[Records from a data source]
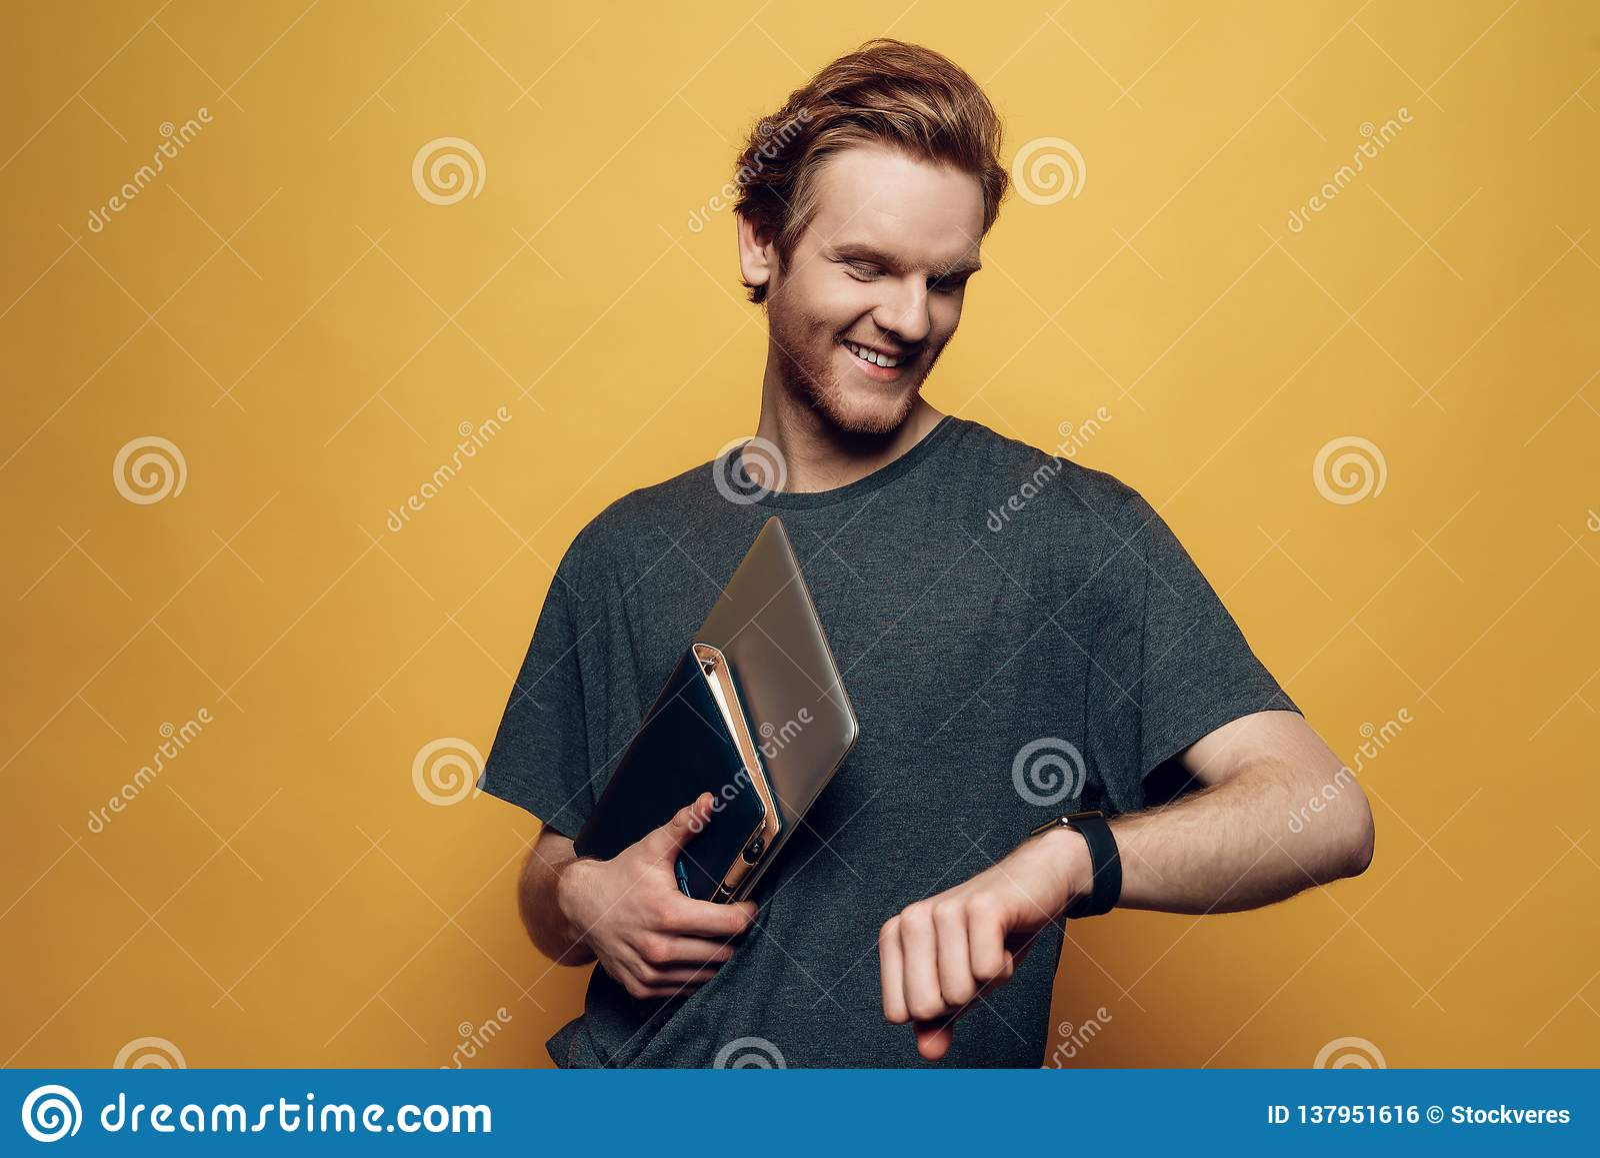 Retrato de Guy Holding Laptop joven alegre
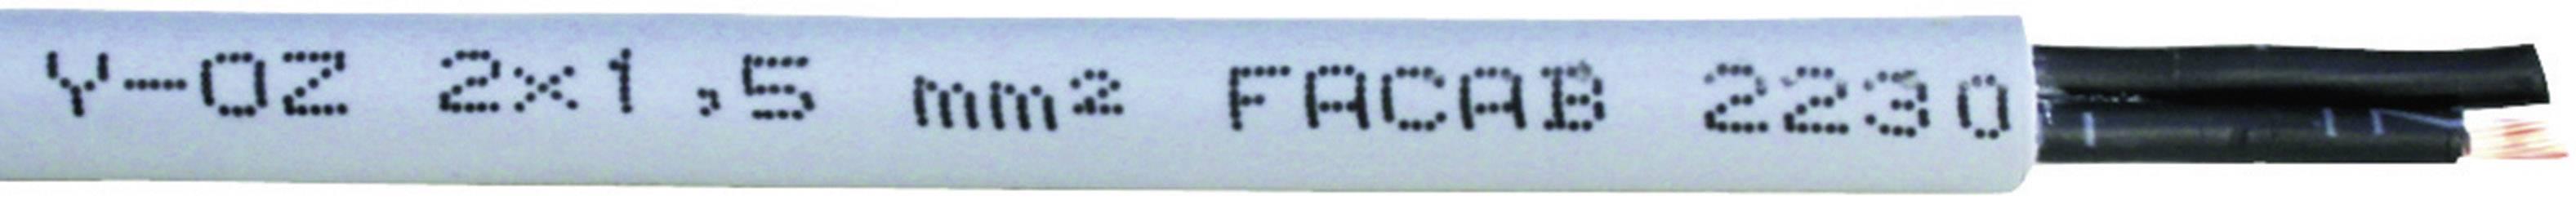 Riadiaci kábel Faber Kabel YSLY-OZ 030642, 2 x 0.50 mm², vonkajší Ø 4.80 mm, 500 V, metrový tovar, sivá
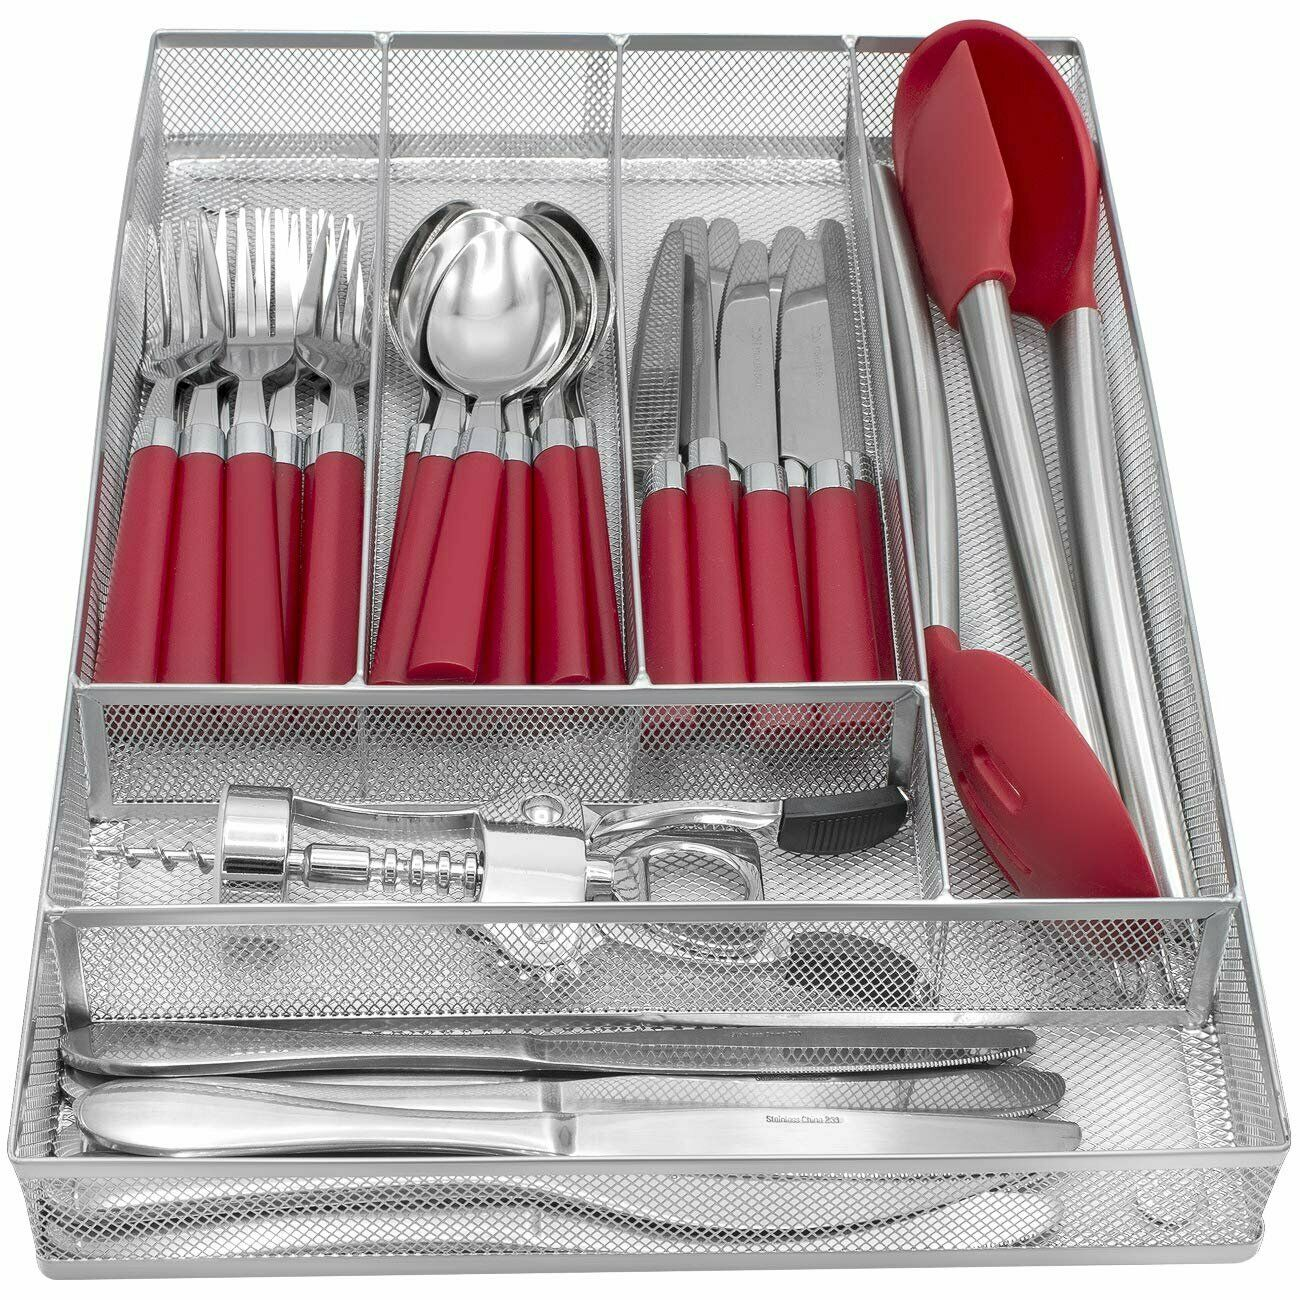 Expandable Cutlery Flatware Drawer Utensil Tray Kitchen Organizer Storage Holder
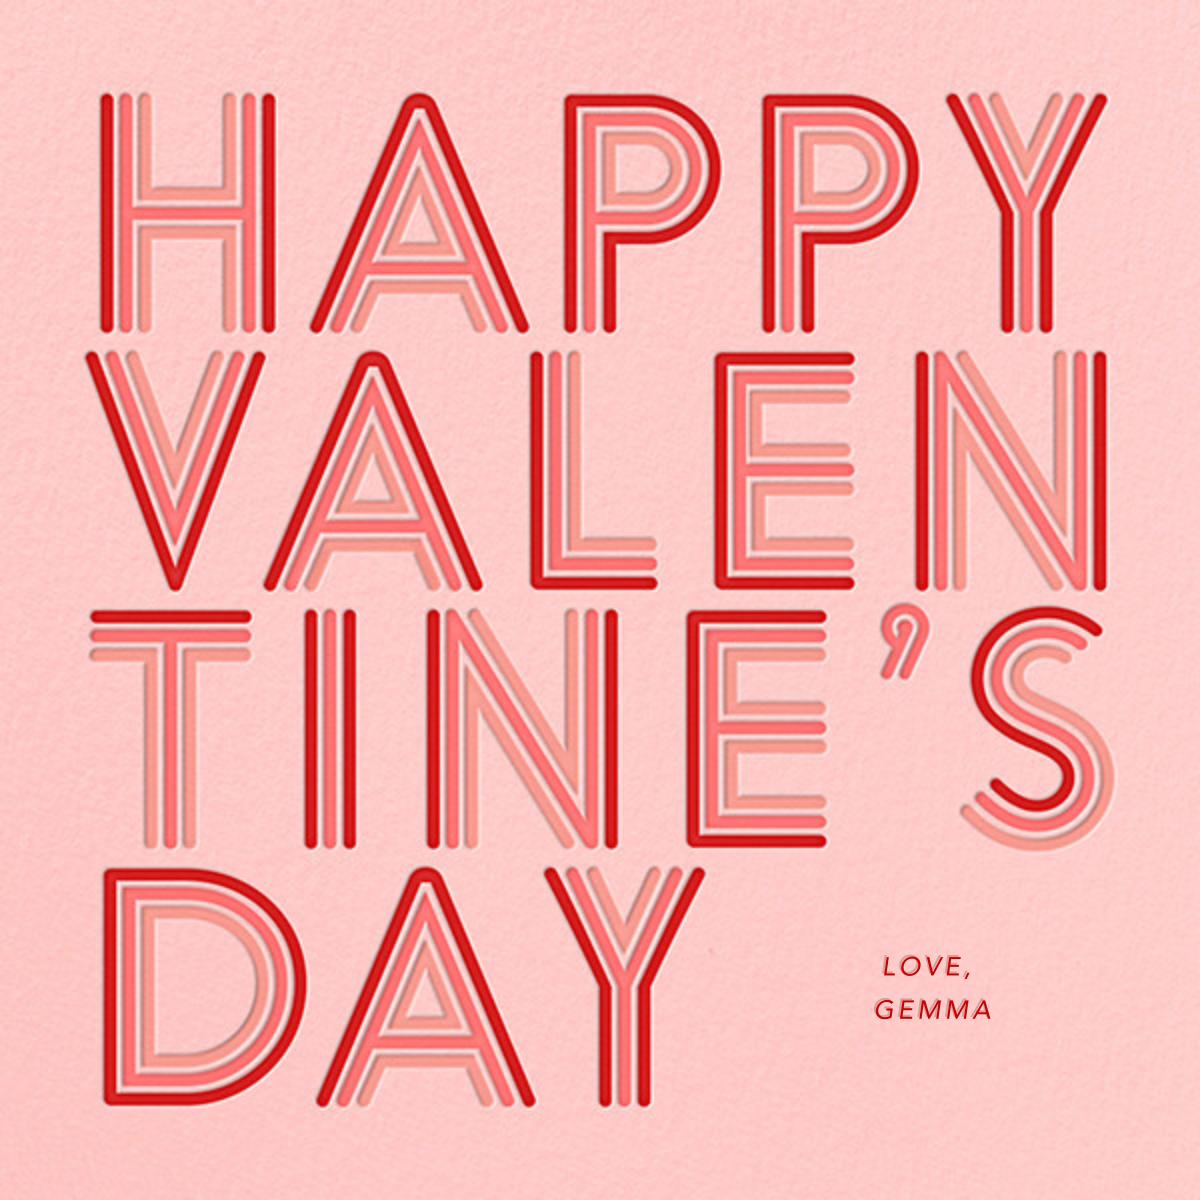 70s Love - Paperless Post - Valentine's Day
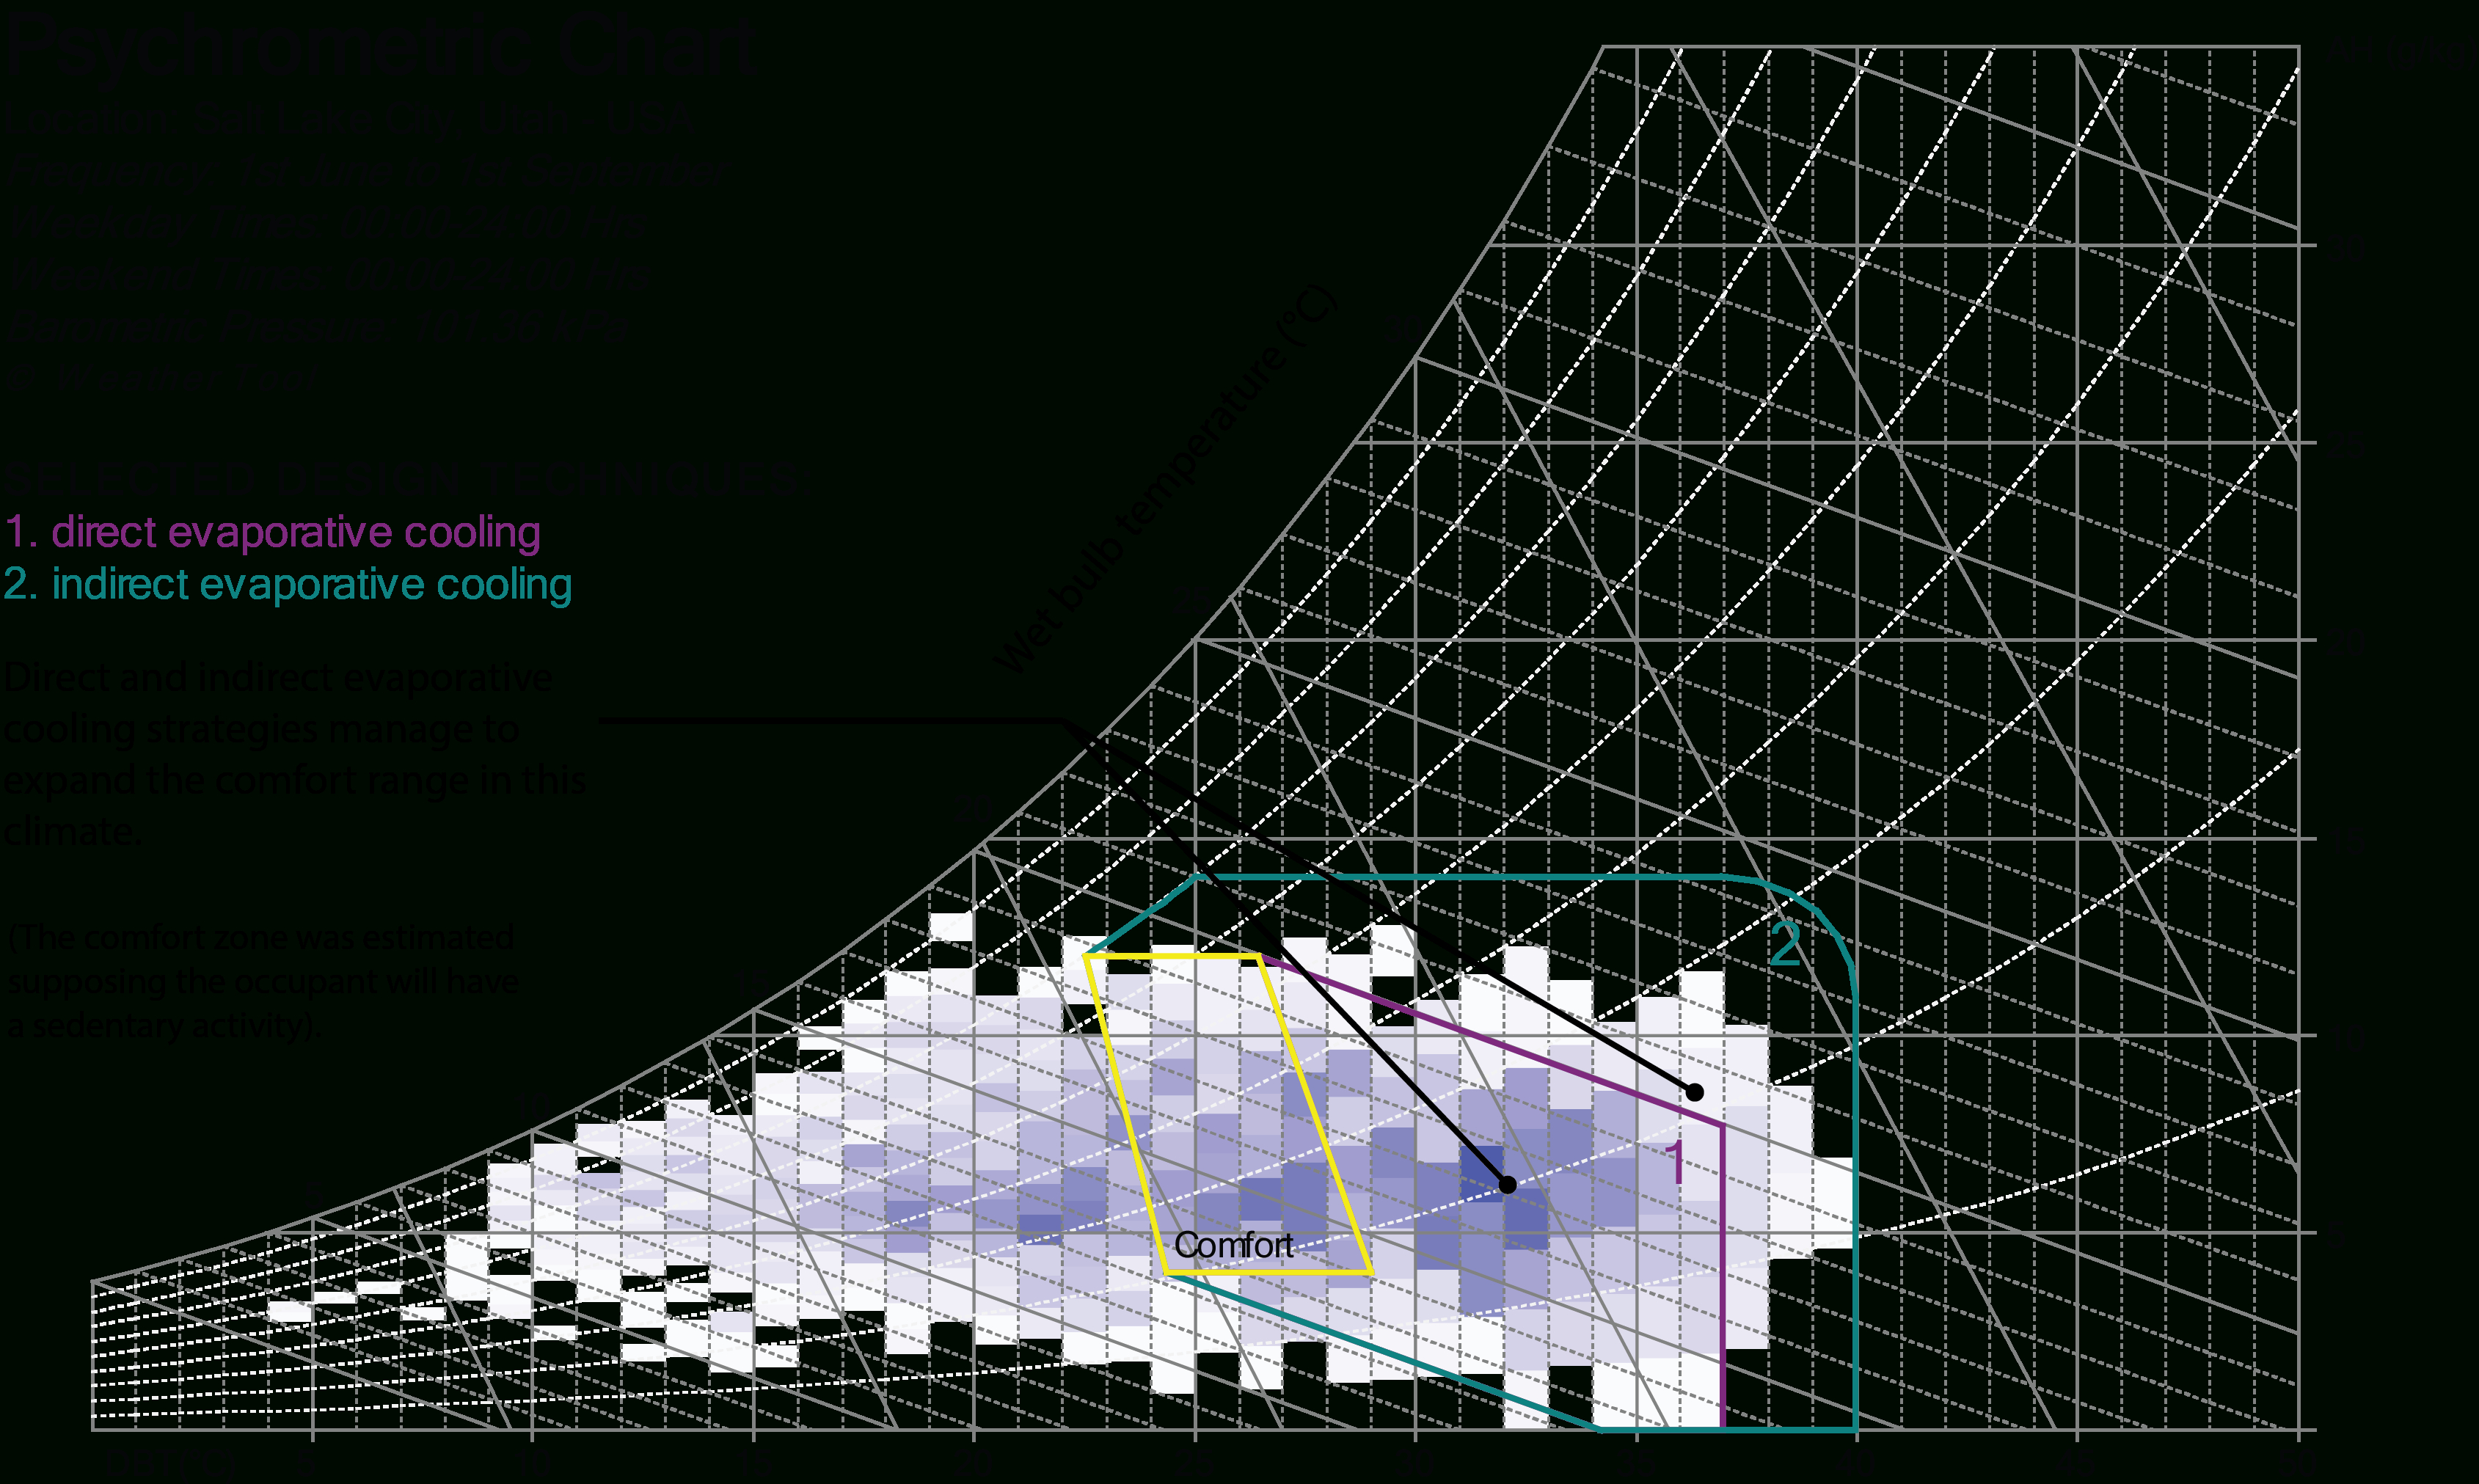 Hd Wallpapers Psychrometric Chart Sensible Heat Ratio Love8Walldesign.cf - Printable Psychrometric Chart Free

* [Instructions for the task]
All of the entries above should be retyped exactly, with the pictures left out.

* [Task answer]
 Retrato de Guy Holding Laptop joven alegre
 Riadiaci kábel Faber Kabel YSLY-OZ 030642, 2 x 0.50 mm², vonkajší Ø 4.80 mm, 500 V, metrový tovar, sivá
 Expandable Cutlery Flatware Drawer Utensil Tray Kitchen Organizer Storage Holder
 70s Love - Paperless Post - Valentine's Day
 Hd Wallpapers Psychrometric Chart Sensible Heat Ratio Love8Walldesign.cf - Printable Psychrometric Chart Free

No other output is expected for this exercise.